---------- Data ----------

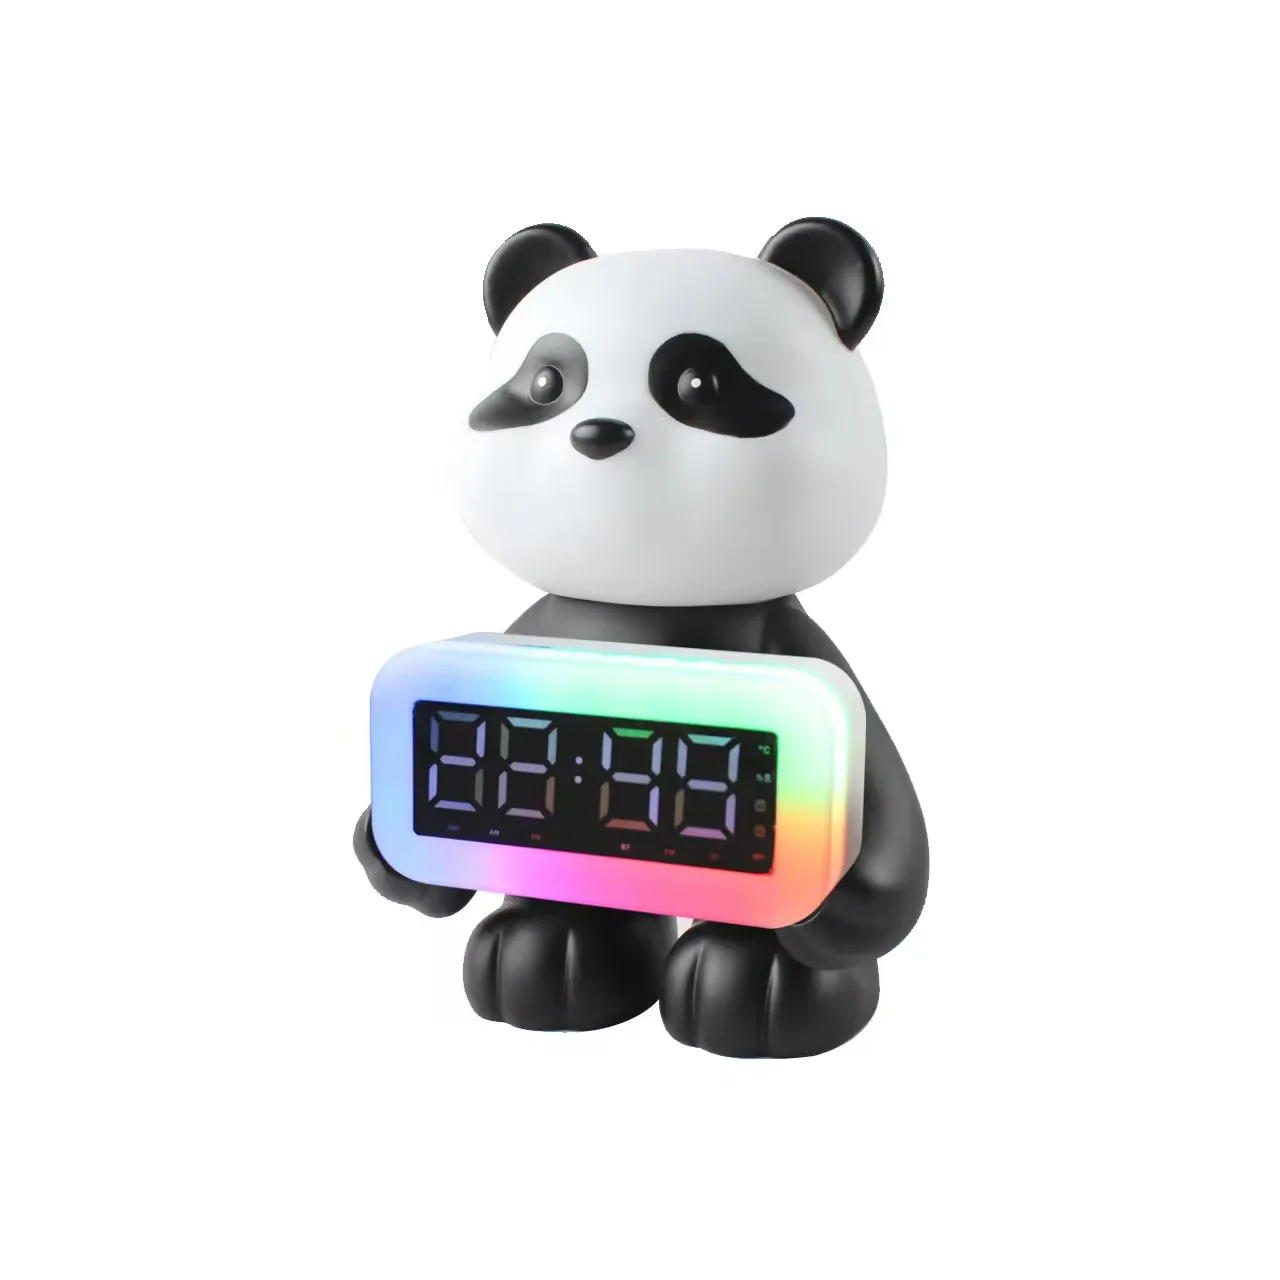 Altoparlante Bluetooth creativo intelligente Panda LED con sveglia digitale TF FM luce notturna regalo di compleanno per bambini
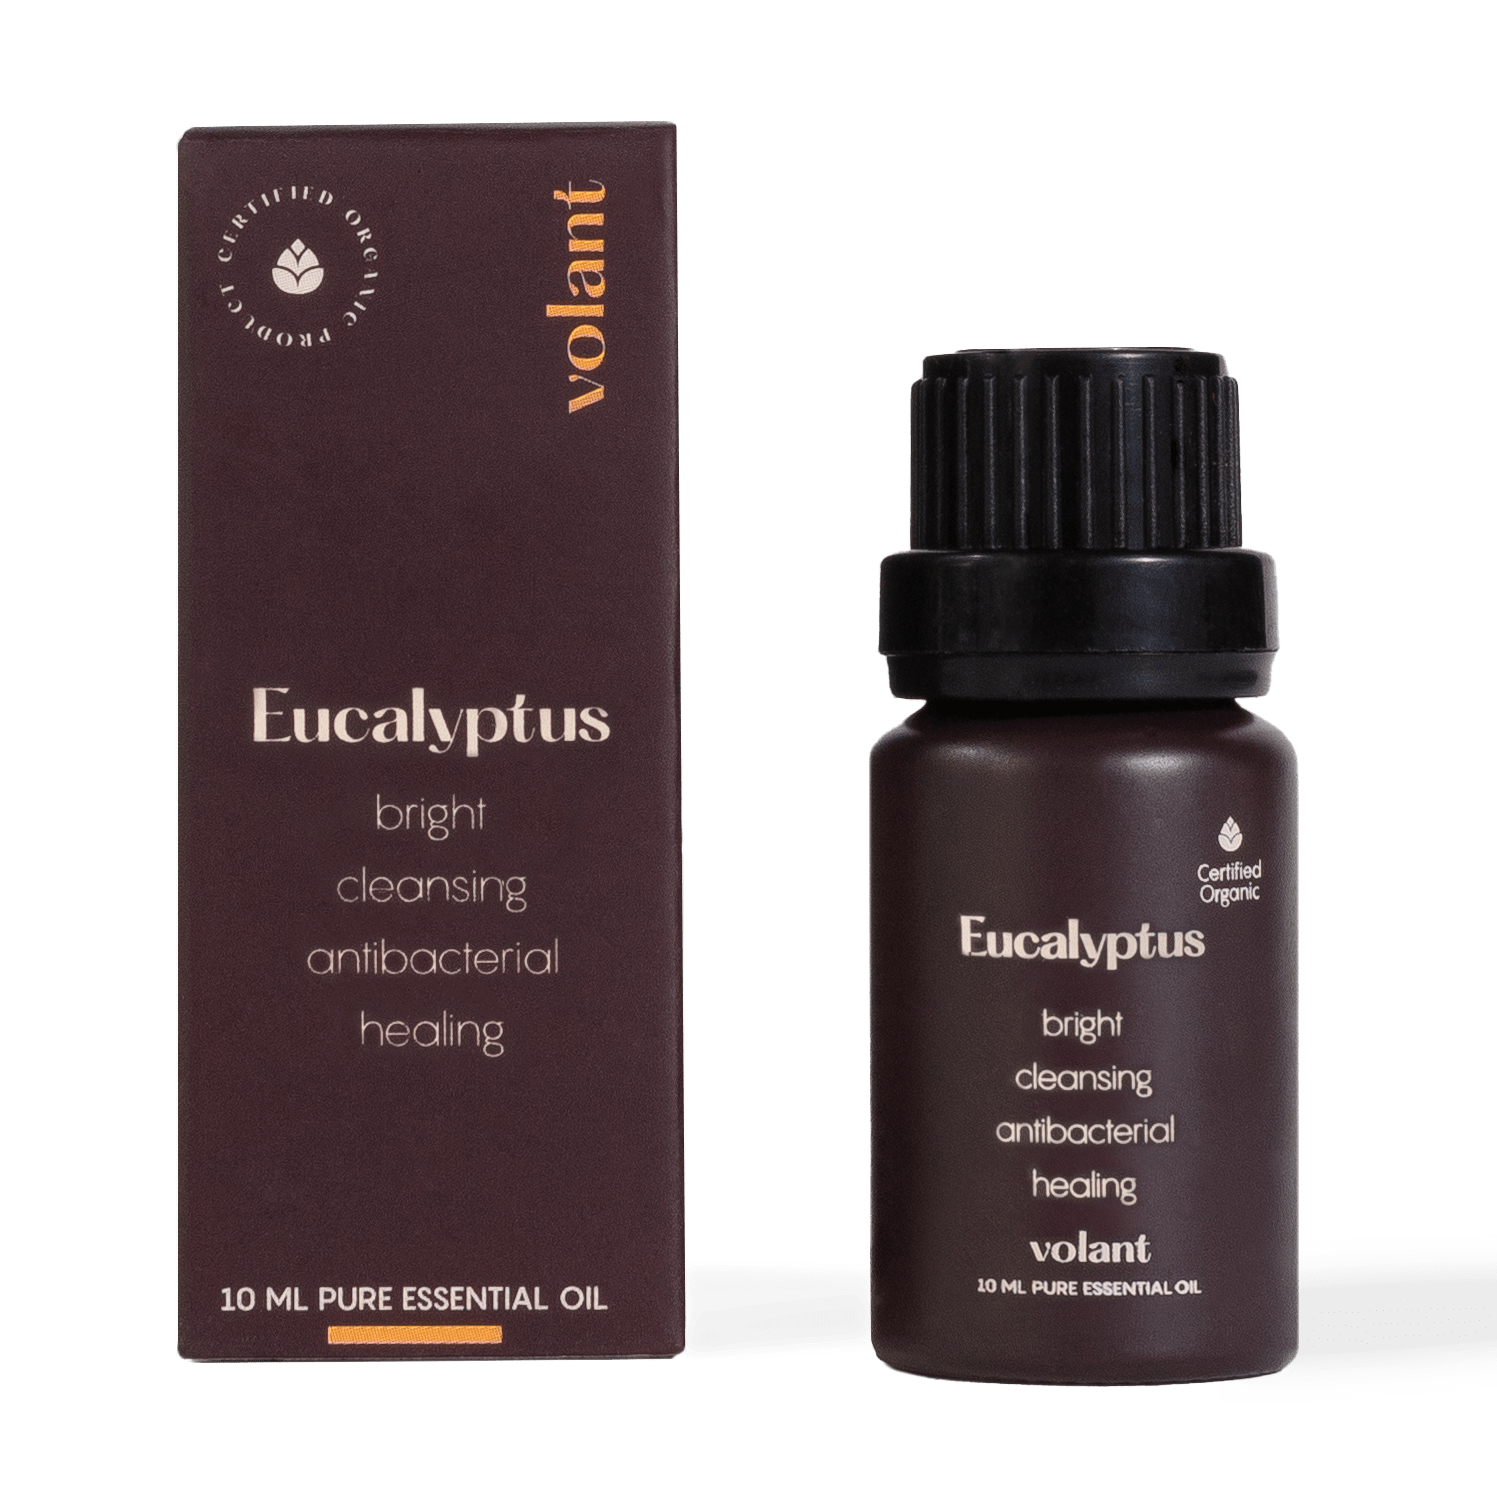 Volant ekologisk eukalyptus eterisk olja flaskförpackning för att lindra nästäppa
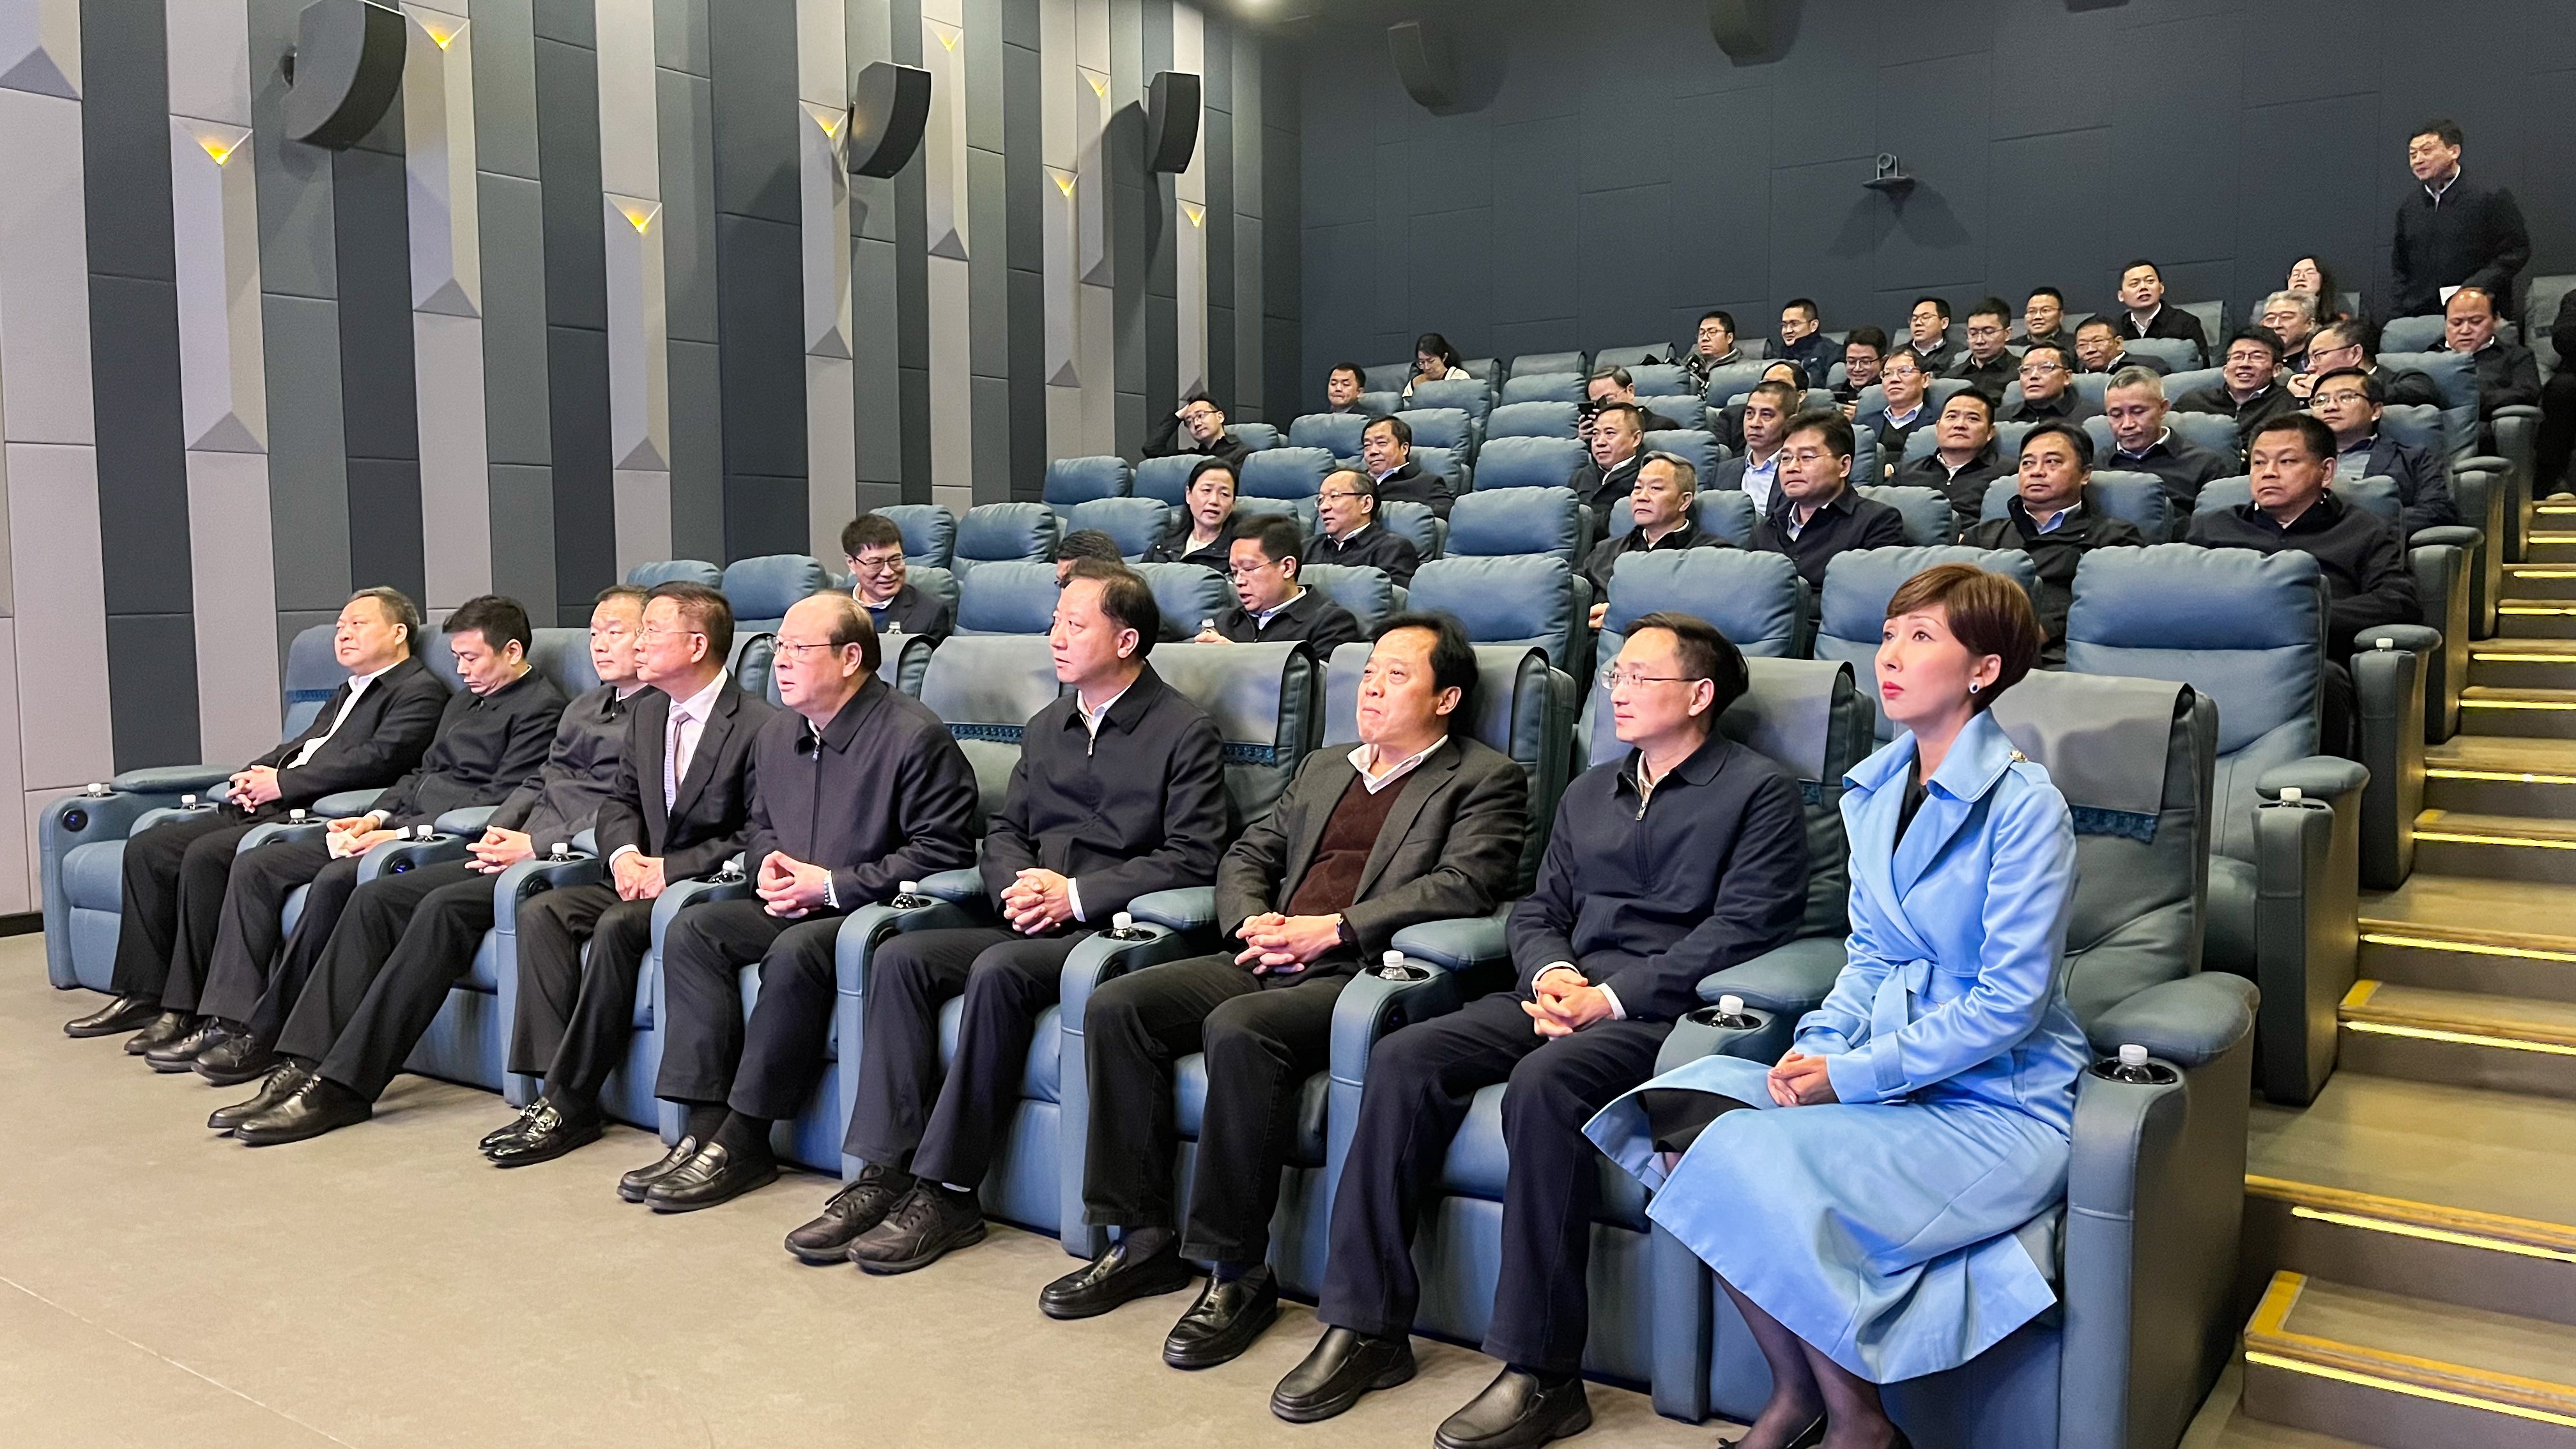 熱點新聞 | 寧波、蚌埠兩市黨政領導一行赴南宫NG·28集團考察調研
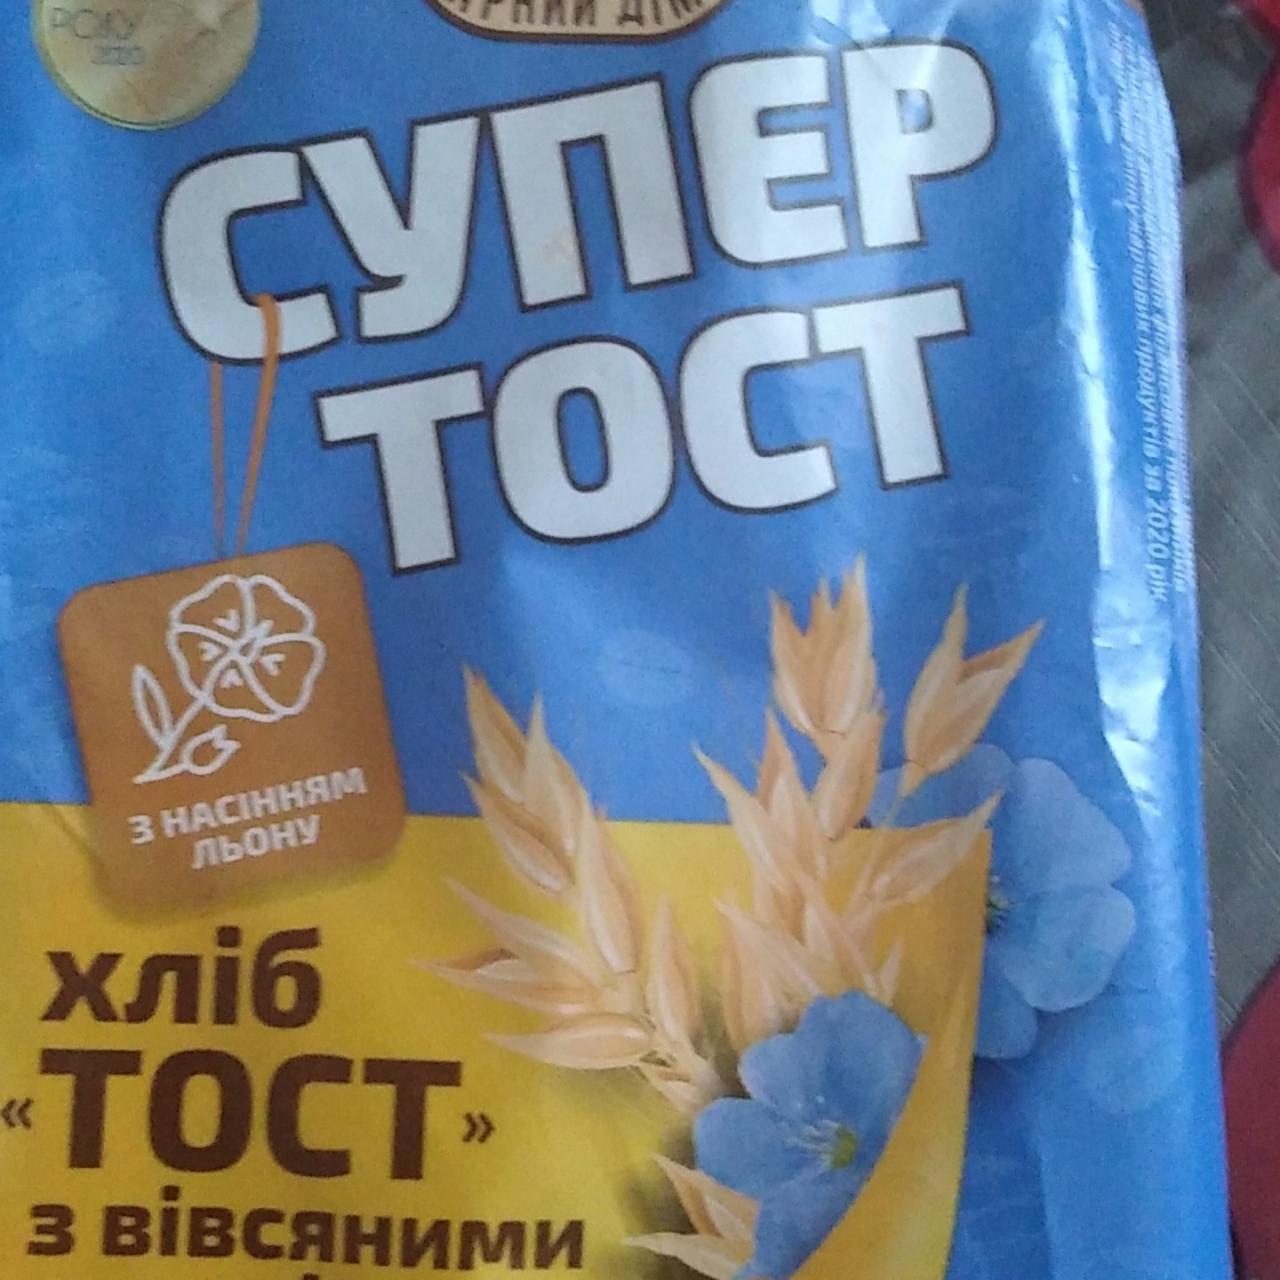 Фото - Хлеб нарезной с овсяными хлопьями и семенами льна Супер Тост Київхліб

----------

▶ Assignment: Beginning with the line containing "Volant ekologisk eukalyptus" and ending with the last line of the listing above, output those lines exactly as written, without pictures.

▶ Output:
 Volant ekologisk eukalyptus eterisk olja flaskförpackning för att lindra nästäppa
 熱點新聞 | 寧波、蚌埠兩市黨政領導一行赴南宫NG·28集團考察調研
 Фото - Хлеб нарезной с овсяными хлопьями и семенами льна Супер Тост Київхліб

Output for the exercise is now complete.